The hypothesis space is now continuous rather than discrete. As Mitchell describes it, "every possible assignment of network weights represents a syntactically distinct hypothesis that in principle can be considered by the learner" -- the hypothesis space is the n-dimensional Euclidean space of all the network's weights (Mitchell, p. 106). And the search strategy is completely different from the algorithms we have been discussing. Backpropagation is essentially a hill-climbing algorithm that uses calculus to determine which direction is downhill. It follows the slope of the error surface, taking small steps in whatever direction reduces the error most. This means it can get trapped in local minima -- valleys that are not the deepest valley -- and is only guaranteed to converge toward some local minimum, not necessarily the global one (Mitchell, p. 104).
So what is the inductive bias? Mitchell is candid that "it is difficult to characterize precisely the inductive bias of BACKPROPAGATION learning, because it depends on the interplay between the gradient descent search and the way in which the weight space spans the space of representable functions." But he offers an approximate answer: "one can roughly characterize it as smooth interpolation between data points." Given two positive training examples with no negative examples between them, backpropagation will tend to label points in between as positive as well (Mitchell, pp. 106-107).
This is still an inductive bias -- an assumption that goes beyond what the data logically entails. The data does not say anything about what lies between the training examples. The network's architecture and training procedure are assuming the answer is smooth. That assumption is what makes generalization possible, and it is also what makes generalization fallible.
Why This Matters
Every time a learning algorithm says anything about an instance it has not seen, it is going beyond what the data alone can justify. It is making an assumption. The inductive bias is that assumption, named and made explicit.
This is Popper's point. You cannot get from observations to general theories without bringing something to the table. The question is never whether you have prior assumptions -- you always do. The question is whether they are good ones.

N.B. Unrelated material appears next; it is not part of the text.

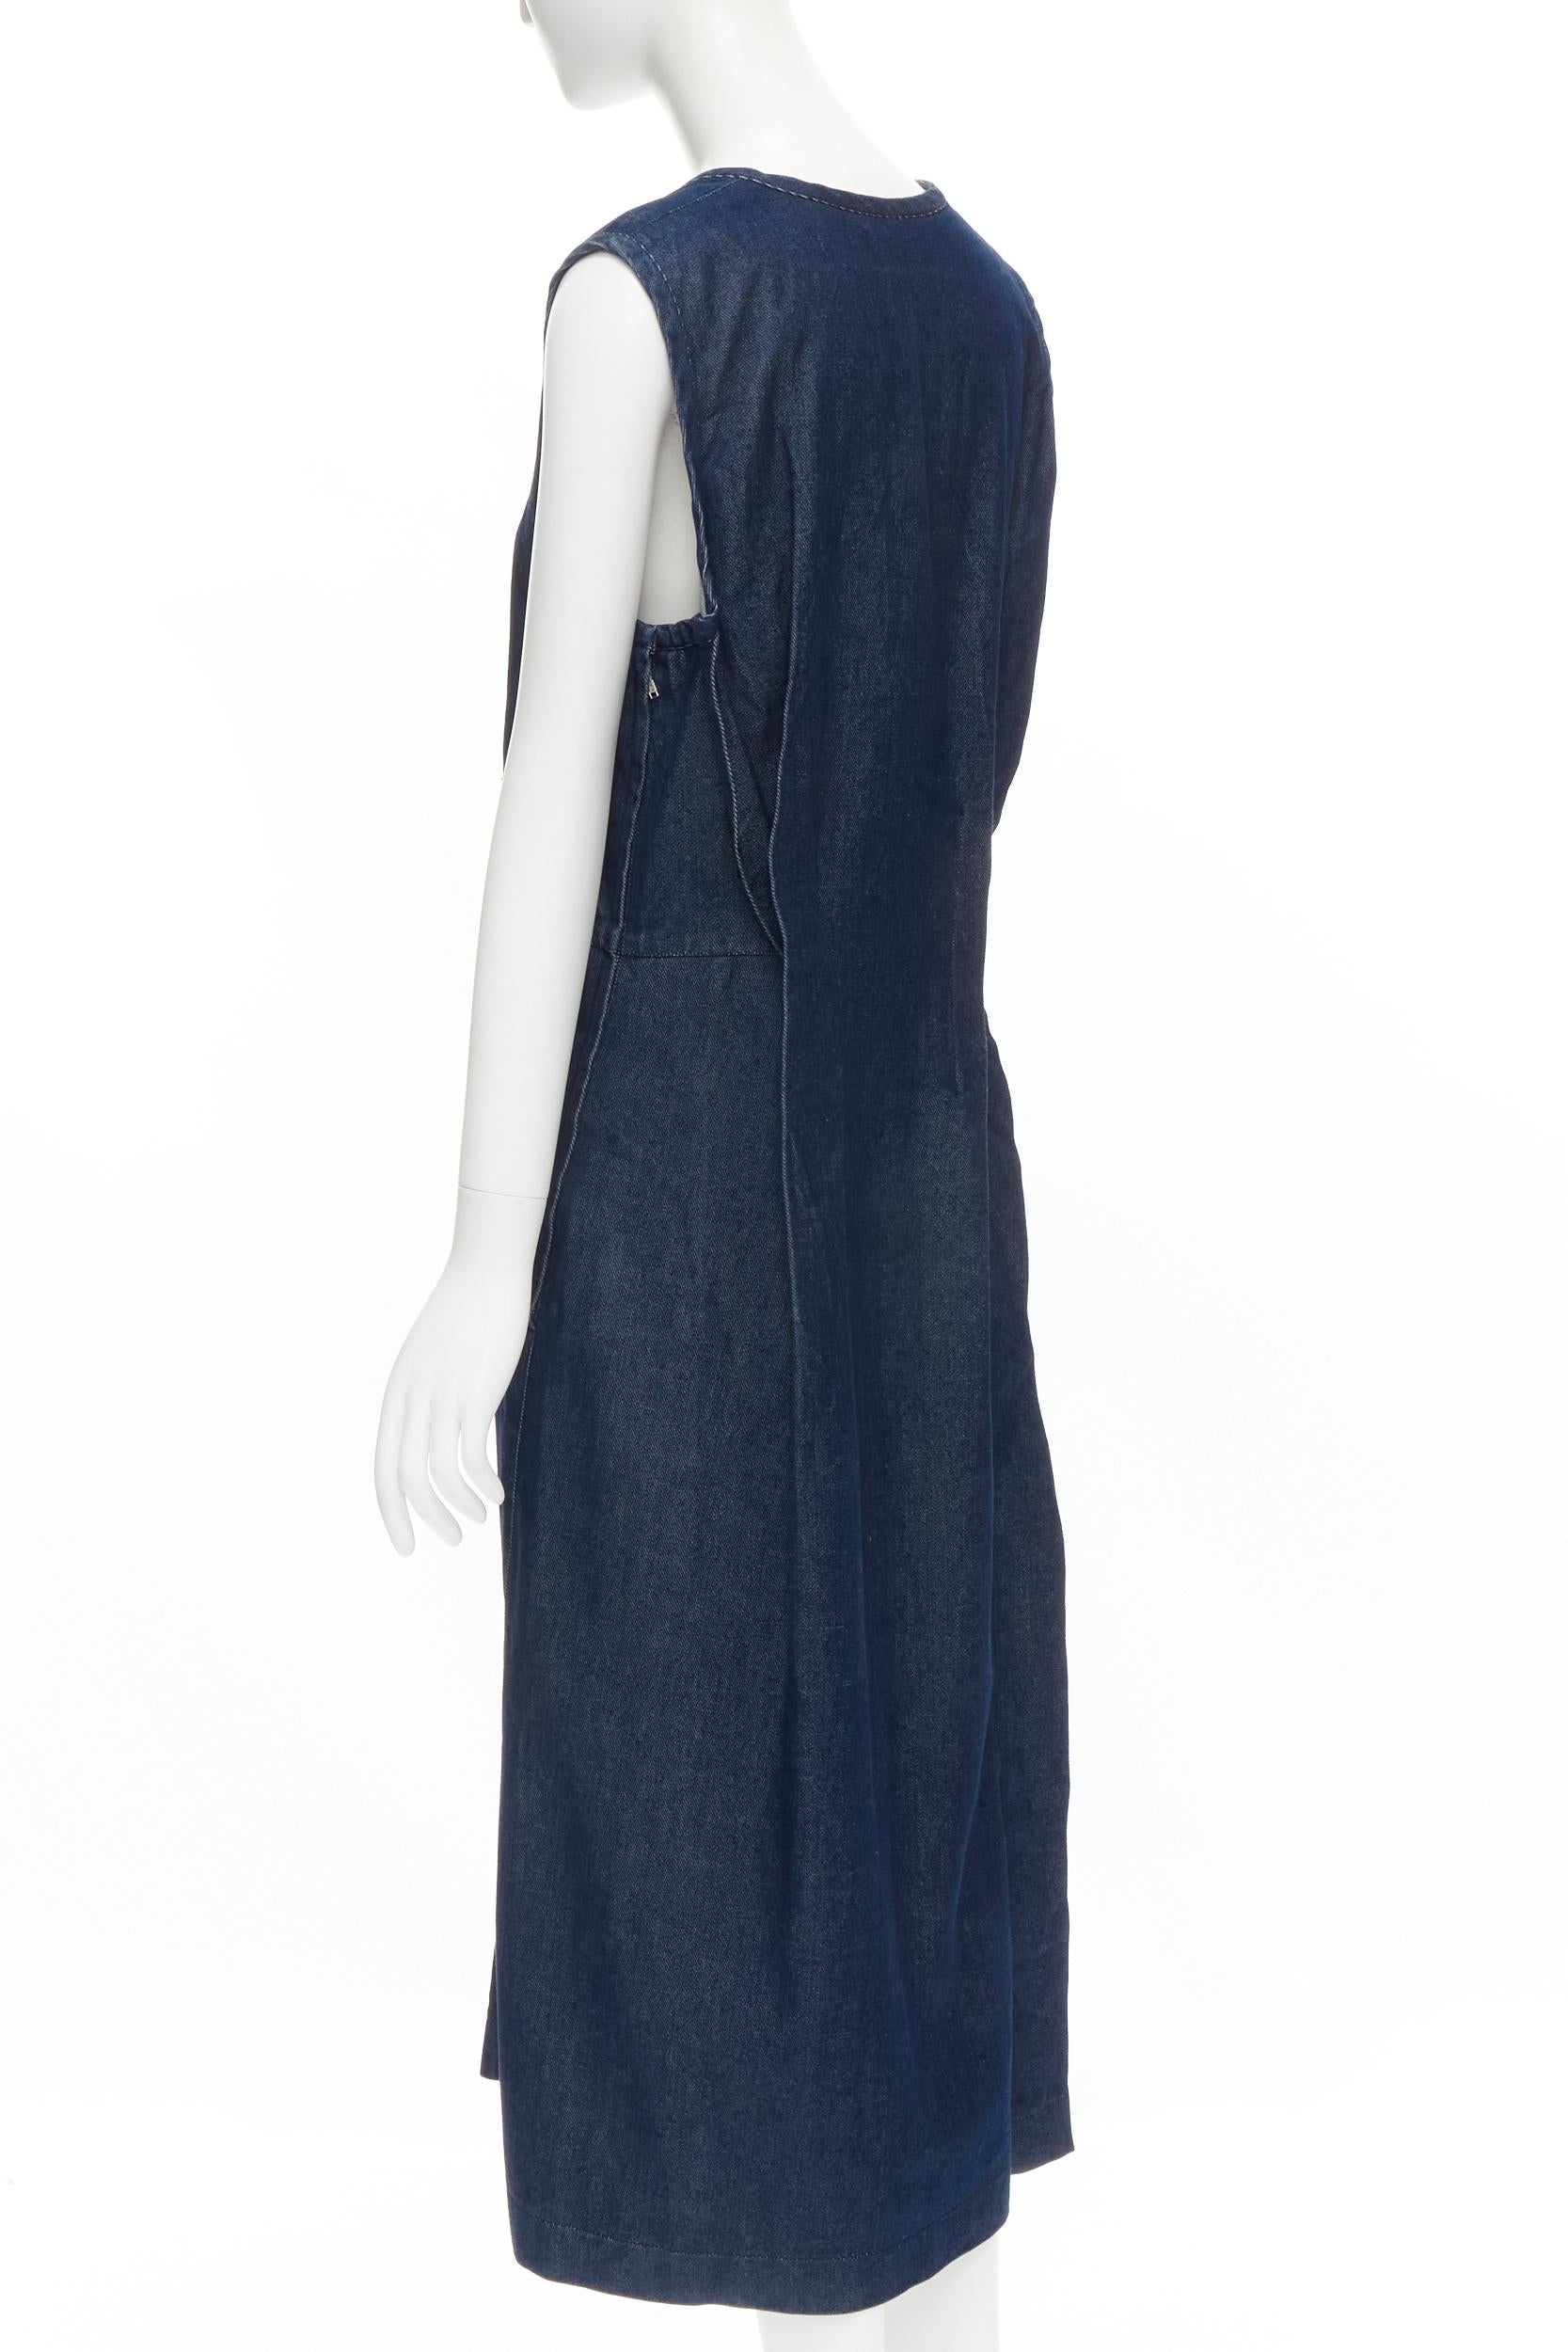 COMME DES GARCONS Vintage 1991 indigo blue denim pinched seam dress M For Sale 1

An Optimal Inductive Bias?
This does raise an interesting question. Is there an "optimal" inductive bias? One whose search space is universal -- every possible function -- but whose search strategy is still efficient and tractable for any problem? We have seen that genetic programming and decision trees are both universal in their hypothesis space -- they can in principle represent any function. But universality alone is not enough. Both still depend on their search strategy to find the right hypothesis, and that search strategy is where the bias lives. And we have seen that stronger biases enable more generalization but risk being wrong. Is there a sweet spot? That is a question for a future post.
All page references to Mitchell are from Machine Learning (McGraw-Hill, 1997).